Re: Noob questions (HTM model, swarming).

Matthew Taylor Fri, 11 Dec 2015 11:55:34 -0800

You are looking for large numbers like > 30 to make real
contributions. The smaller numbers mean there is basically no
correlation.
---------
Matt Taylor
OS Community Flag-Bearer
Numenta



On Sun, Dec 6, 2015 at 10:32 AM, Raf <[email protected]> wrote:
> Hi, Matthew.
>>
>> Raf, if you are trying to analyze an EEG signal with HTM, many have
>> attempted this before you.
>>
>> I suggest these resources:
>> - EEGs and NuPIC (2014 Fall NuPIC Hackathon) [1]
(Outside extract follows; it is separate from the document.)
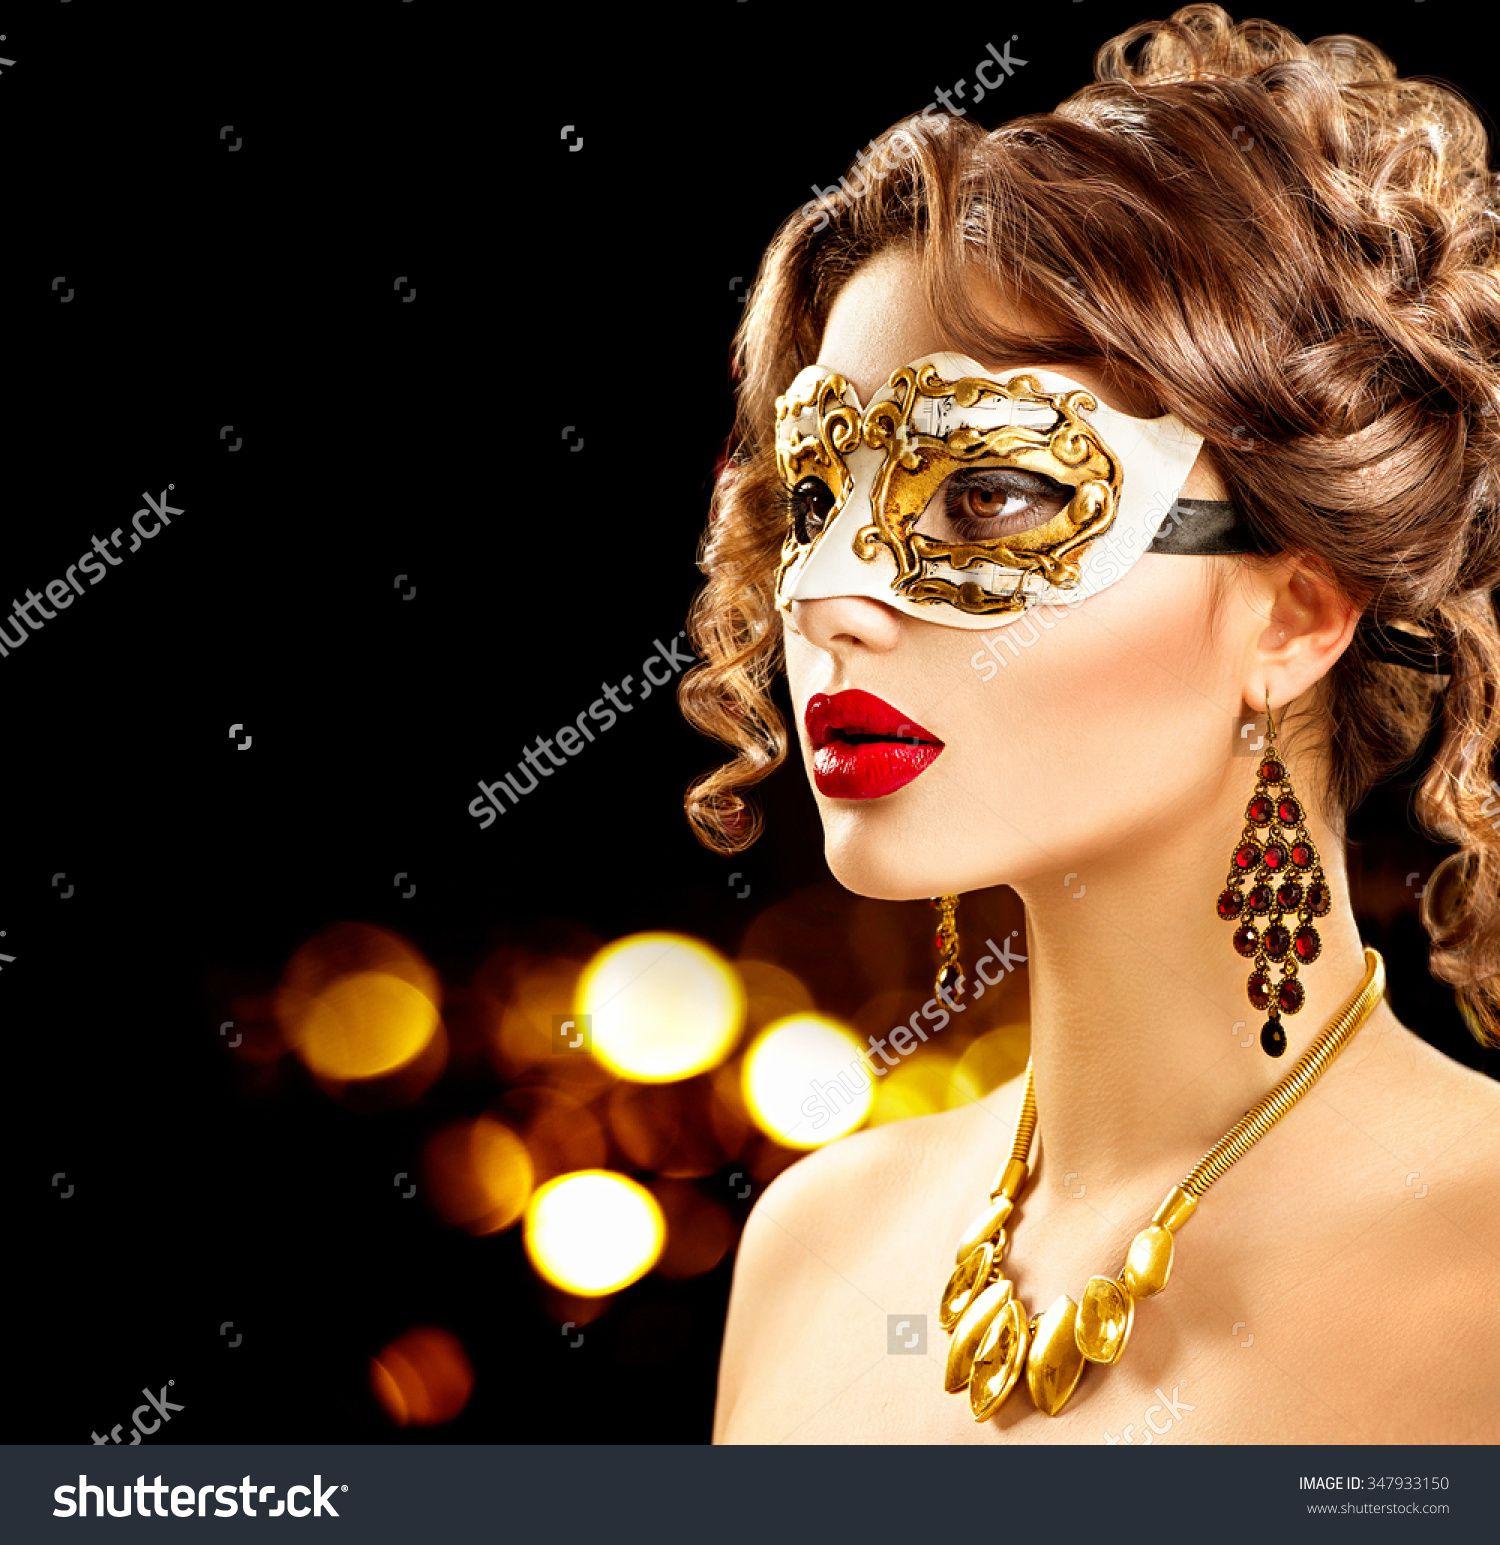 pin by lisa coplit on venetian carnevale | masquerade makeup

>> - EEG Data Classification [DEMO #16] (2014 Fall NuPIC Hackathon) [2]
>> - Brain Squared - W. Wnekowicz, M. Le Borgne, P. Karashchuk, A. Della
>> Motta, J. Naulty [3]
>> - ECG + HTM - Kentaro Iizuka [4]
>
> Thanks, I'm pretty excited to look into
>
>> Also, regarding your swarm, I would certainly use an inference type of
>> "TemporalMultiStep". And you can remove the "datetime" field entirely
>> as long as your samples are taken at the same interval (the datetime
>> will make the swarm look for "time of day" and "day of week" type of
>> patterns, which should not exist in this dataset). And you input data has
>> far too many dimensions, IMO.
>
> This explains a lot.
>
>> And yes, the swarm you ran did not find a correlation between any of
>> the other input fields at the "VO" field, which I assume is a
>> pre-processed classification of the current state? That could mean a
>> couple different things. (1) It has all the info it needs to make a
>> prediction given VO and the history of the VO field over time, or (2)
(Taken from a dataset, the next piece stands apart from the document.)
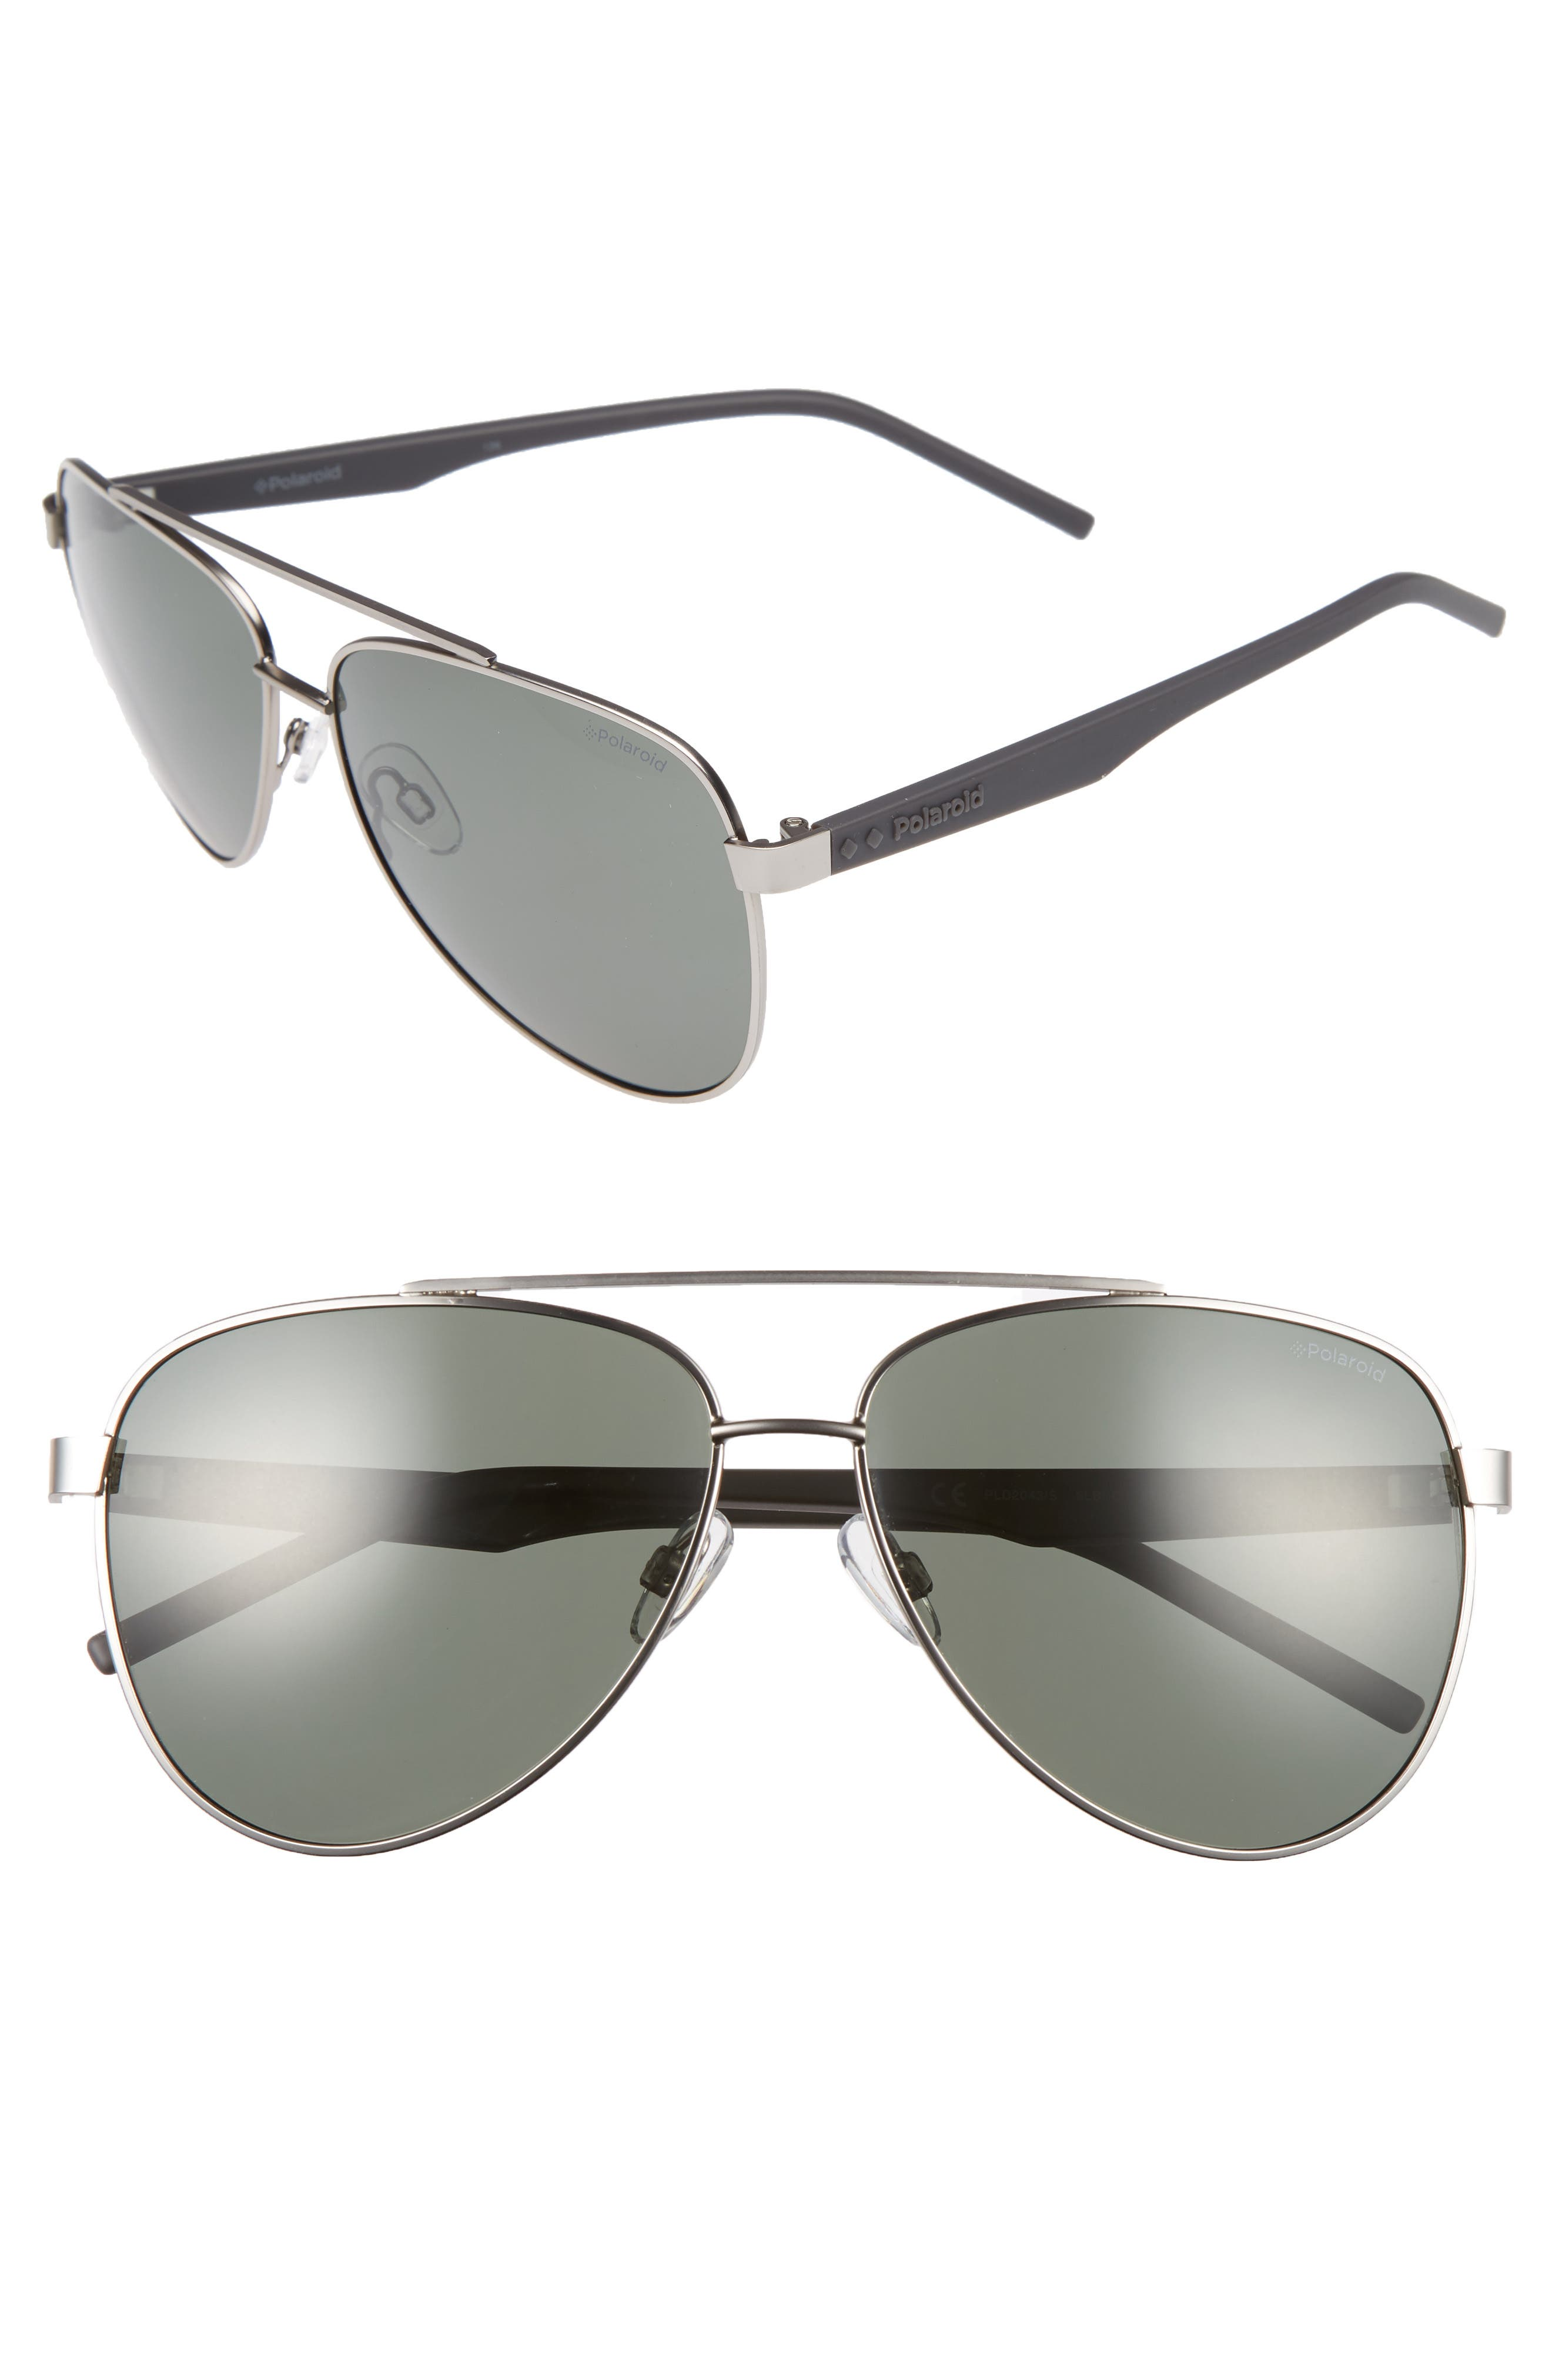 Main Image - Polaroid 61mm Polarized Aviator Sunglasses

>> it has found VO to be unpredictable.
>
>
> Yep, that's exactly what VO is ("1" = spO2 <= 97.5, "2" > 97.5). I suppose
> it is then the first case, although I think the prediction could still be
> improved (maybe it should learn from more samples).
>>
>> At the end of the swarming
>> process, some text is dumped to the screen about "field
>> contributions". That tells you exactly how important NuPIC found each
>> field when evaluating its influence on future predictions.
>>
> Ok, that's exactly another question I wanted to ask but then I forgot to :)
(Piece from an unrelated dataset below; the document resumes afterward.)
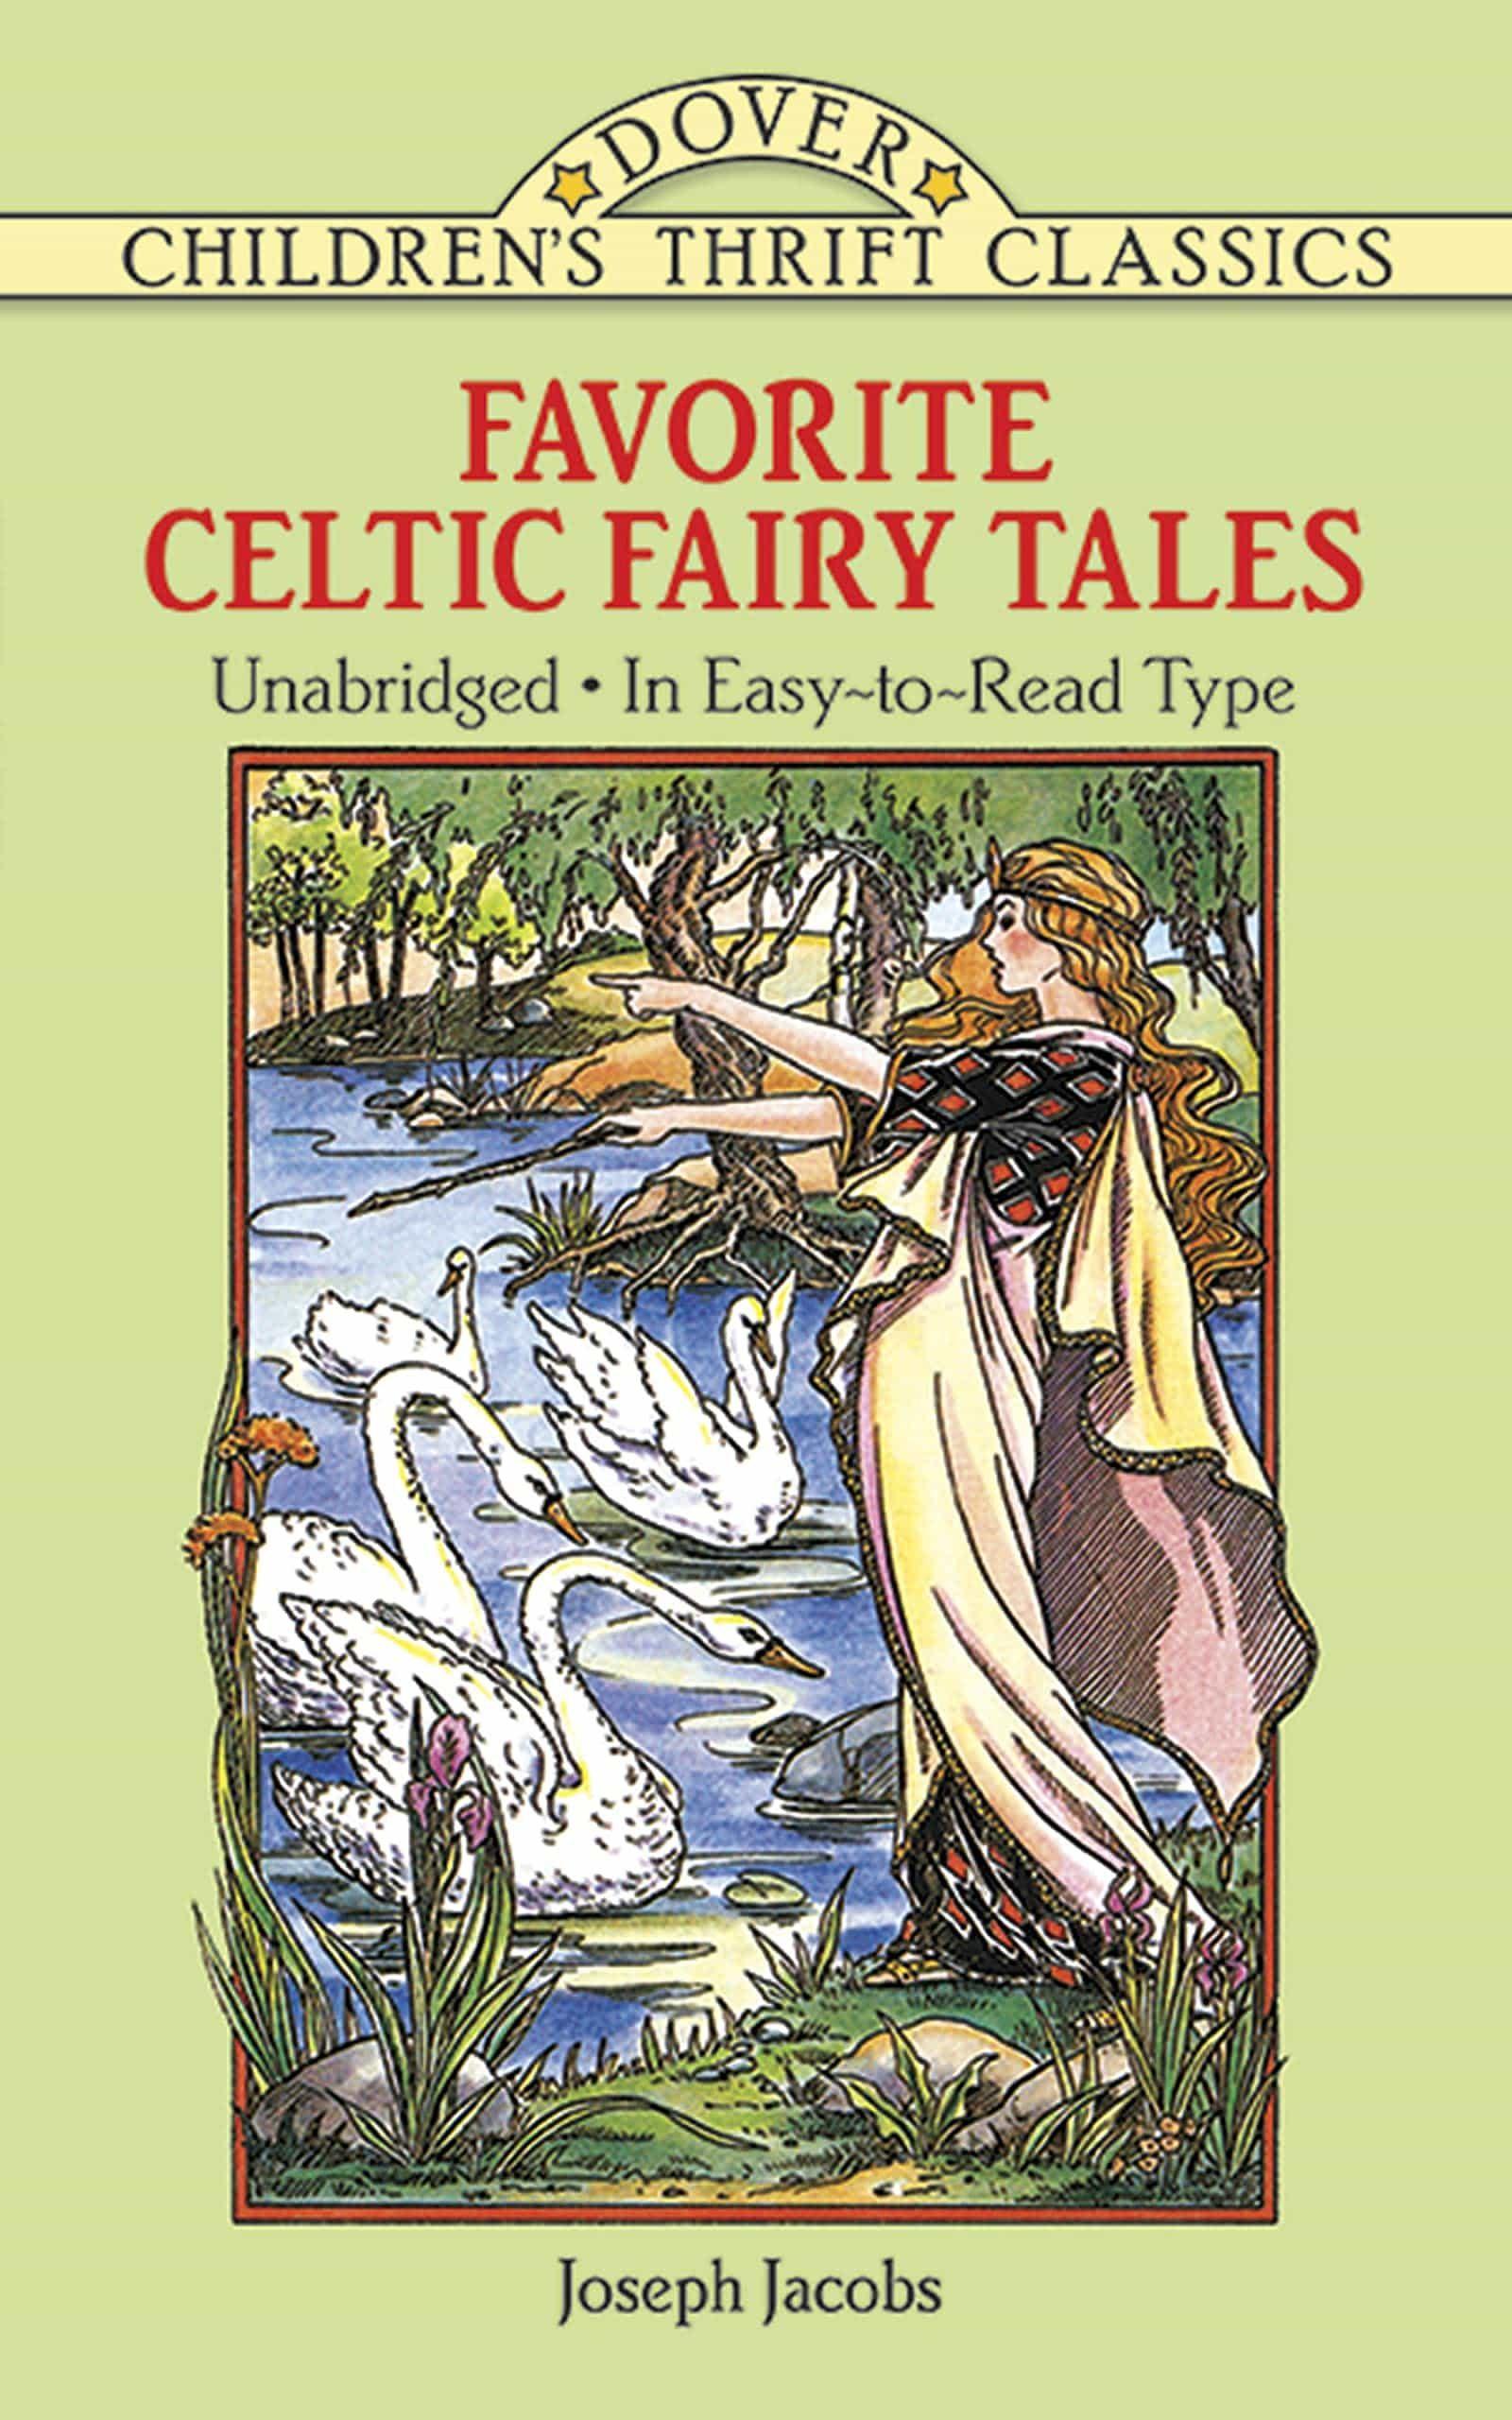 favorite celtic fairy tales-joseph jacobs-9780486283524

> I don't have the exact numbers, but I remember them pretty well.
> Almost all of them were negative floats (all between -2.0 and -7.0)
> exception made for three sensors which were positive numbers (between +2.0
> and +3.0). What is their measuring unit? Is it in terms of mean squared
> error? Or something else?
>
> Thanks again!
>
> Cheers.
> Raf
>
>
> On 06/12/2015 16:40, Matthew Taylor wrote:
>>
>> Raf, if you are trying to analyze an EEG signal with HTM, many have
>> attempted this before you.
>>
>> I suggest these resources:
>> - EEGs and NuPIC (2014 Fall NuPIC Hackathon) [1]
>> - EEG Data Classification [DEMO #16] (2014 Fall NuPIC Hackathon) [2]
>> - Brain Squared - W. Wnekowicz, M. Le Borgne, P. Karashchuk, A. Della
>> Motta, J. Naulty [3]
>> - ECG + HTM - Kentaro Iizuka [4]
>>
>> I would pay attention to Marion's work. Their team successfully
>> classified EEG signals using an Open BCI device at the HTM Challenge.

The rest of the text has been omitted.